Tag Archives: Mom and Dad

Goetta and Eggs for Lunch

3 Aug

Standing at the graveside I could have sworn I smelled chili. It could have been. It was Price Hill, you know. We were at “new” St. Joseph cemetery, the Irish one, as the locals say, not to be confused with “old” St. Joe’s, which looks much newer than the new one, and in which the Germans are buried.

After honoring our parishioner Mary with the Catholic prayers of committal, I took four of her pink roses, after asking her family, of course, and headed over the hill to find the graves of my parents. It is a curious thing, maybe just in my heart but maybe in many hearts, that I remember dad, as I stand there, but I miss mom.

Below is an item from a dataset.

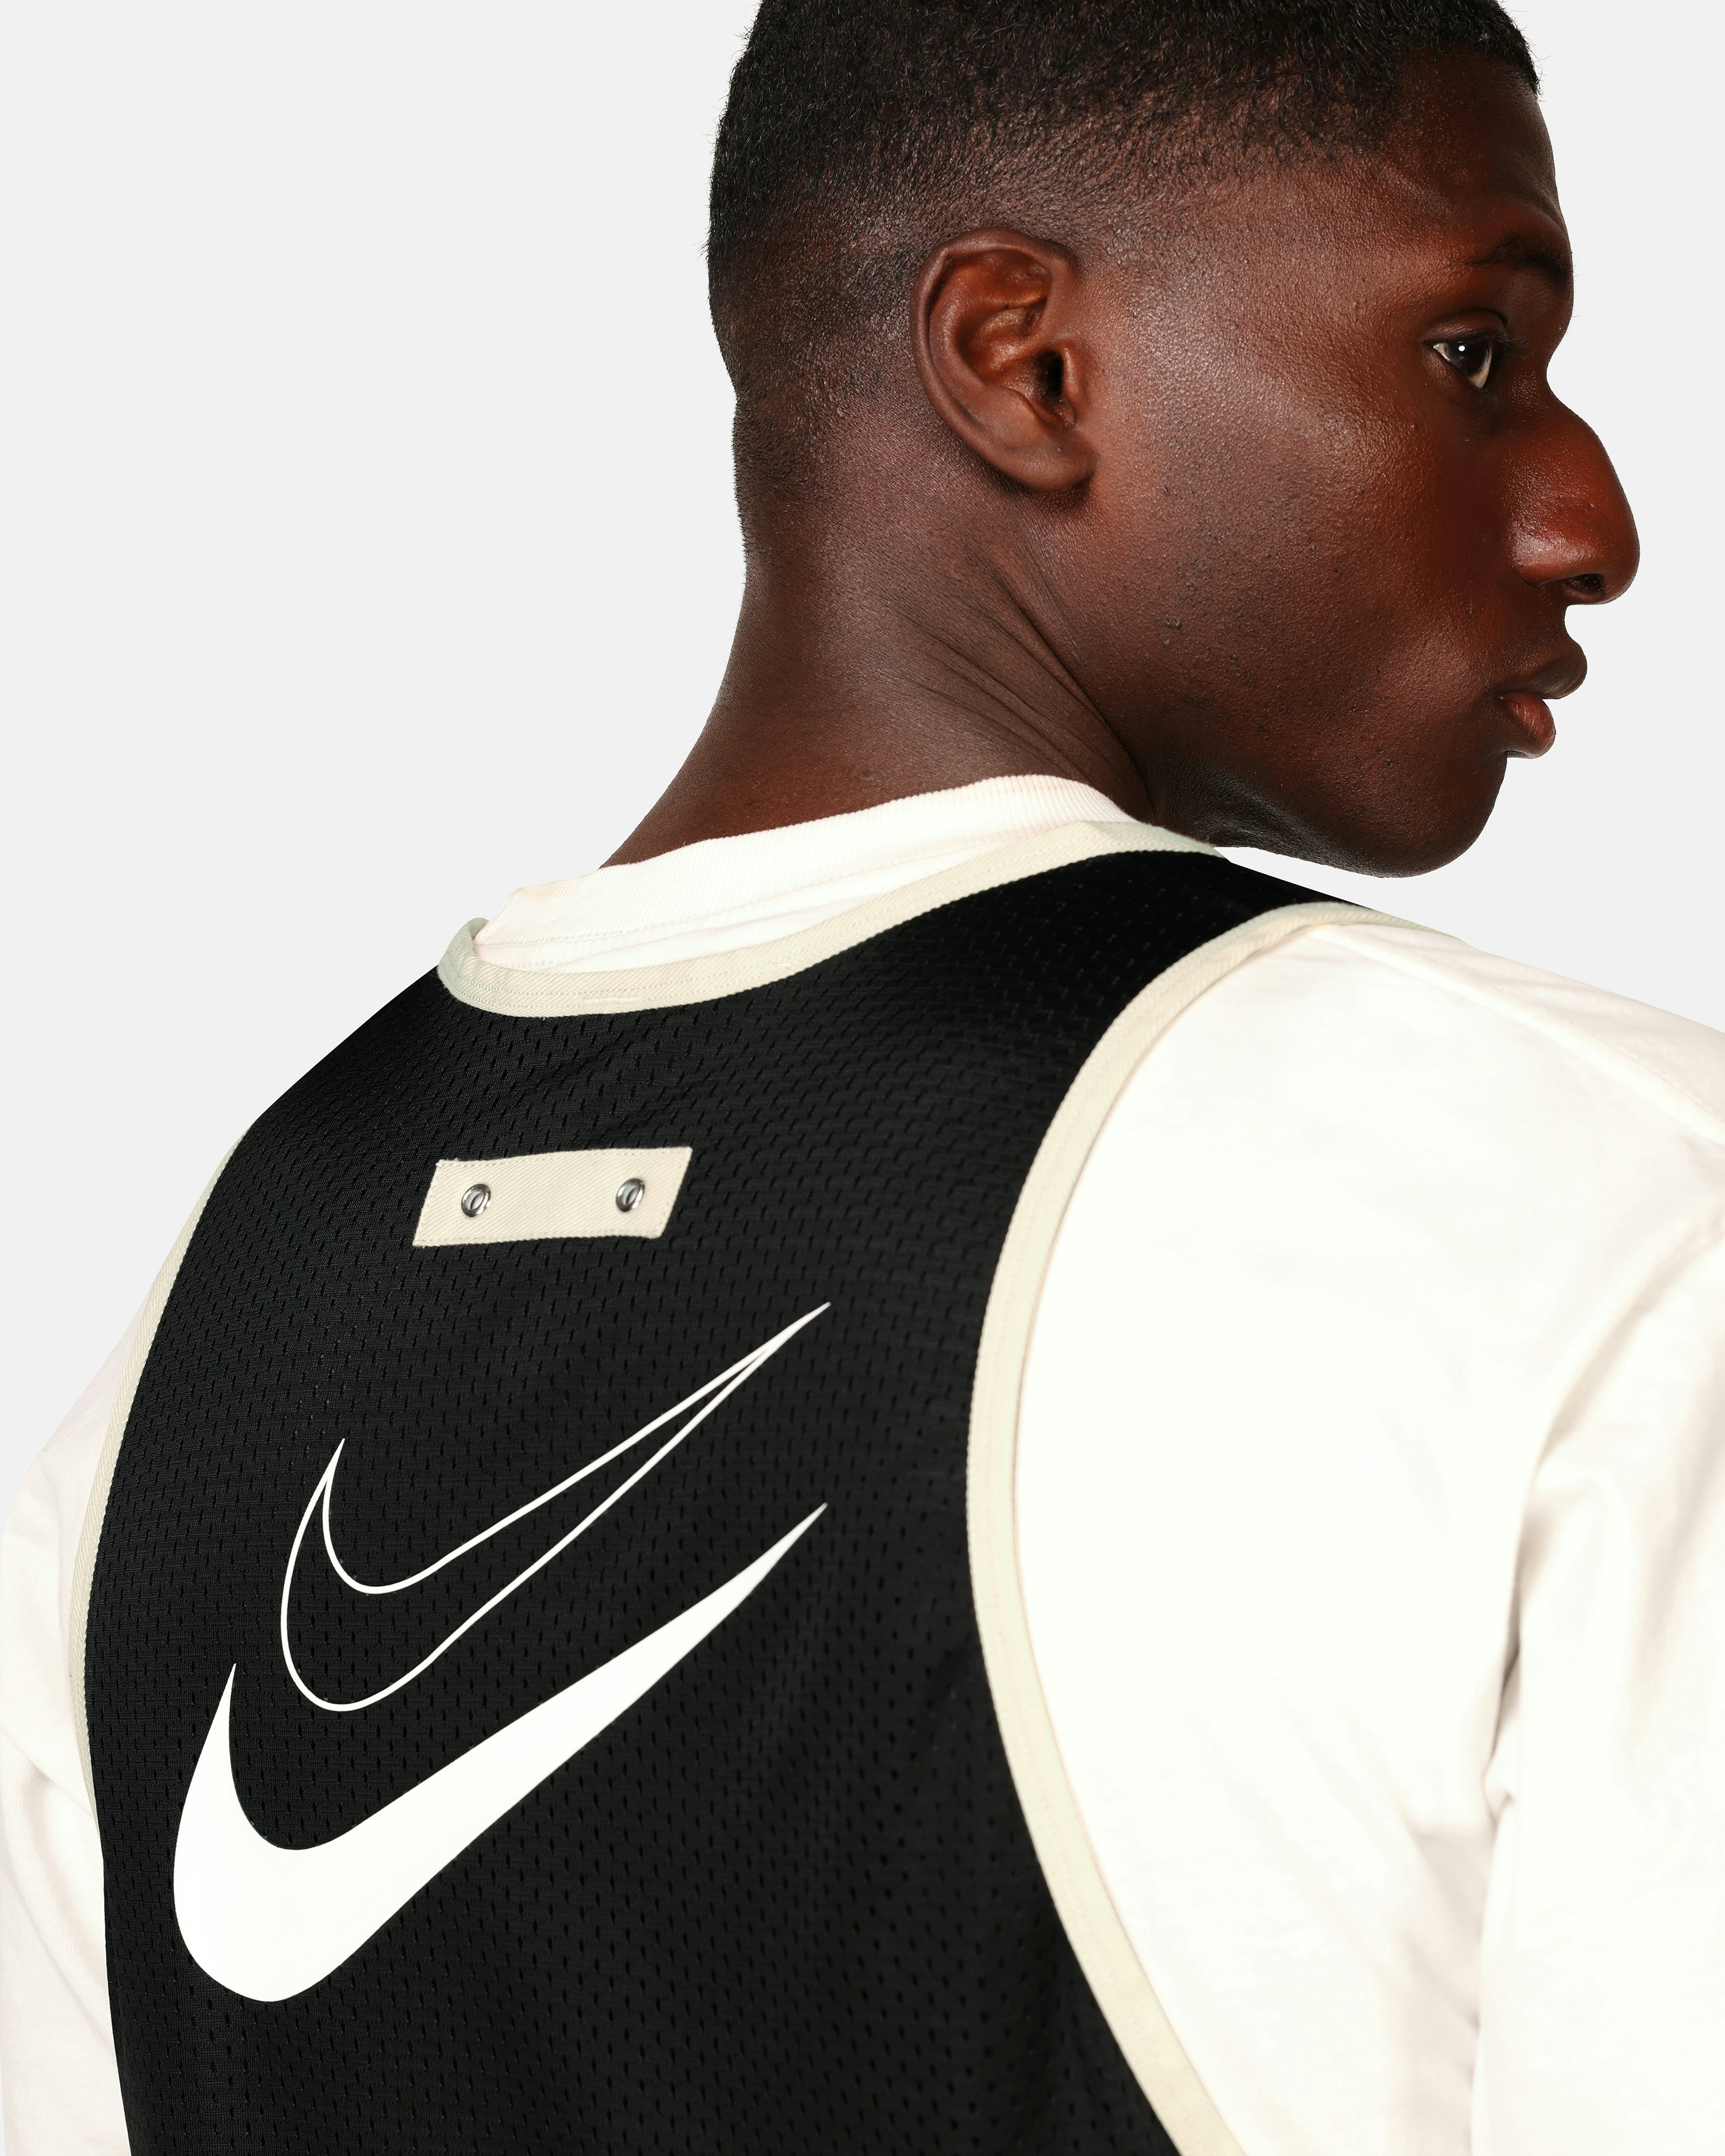 Kevin Durant Men's Nike Dri-FIT Mesh Basketball Jersey

Really miss her. I remember those rattling bottles that dad put up with behind him in the truck for our sake, as he went delivering milk house to house. And I remember that because of that job, which I am embarrassed to admit now embarrassed me when I told others what he did for a living, dad was able to come to everyone of my high school tennis matches. I remember dad. But I miss mom. I miss her patting me on the chest with the back of her hand, as she did until the day she died, whenever I kissed her goodnight or goodbye. There is still a hole in my heart, as I wish that I could hear one more time our exchange, “Hi, momma … Hi, baby!”

After clearing a few weeds away from dad’s music notes and mom’s bingo card, I went to Price Hill chili. Whenever one makes the trip “all the way over to that side of town,” one deserves to have goetta and eggs for lunch.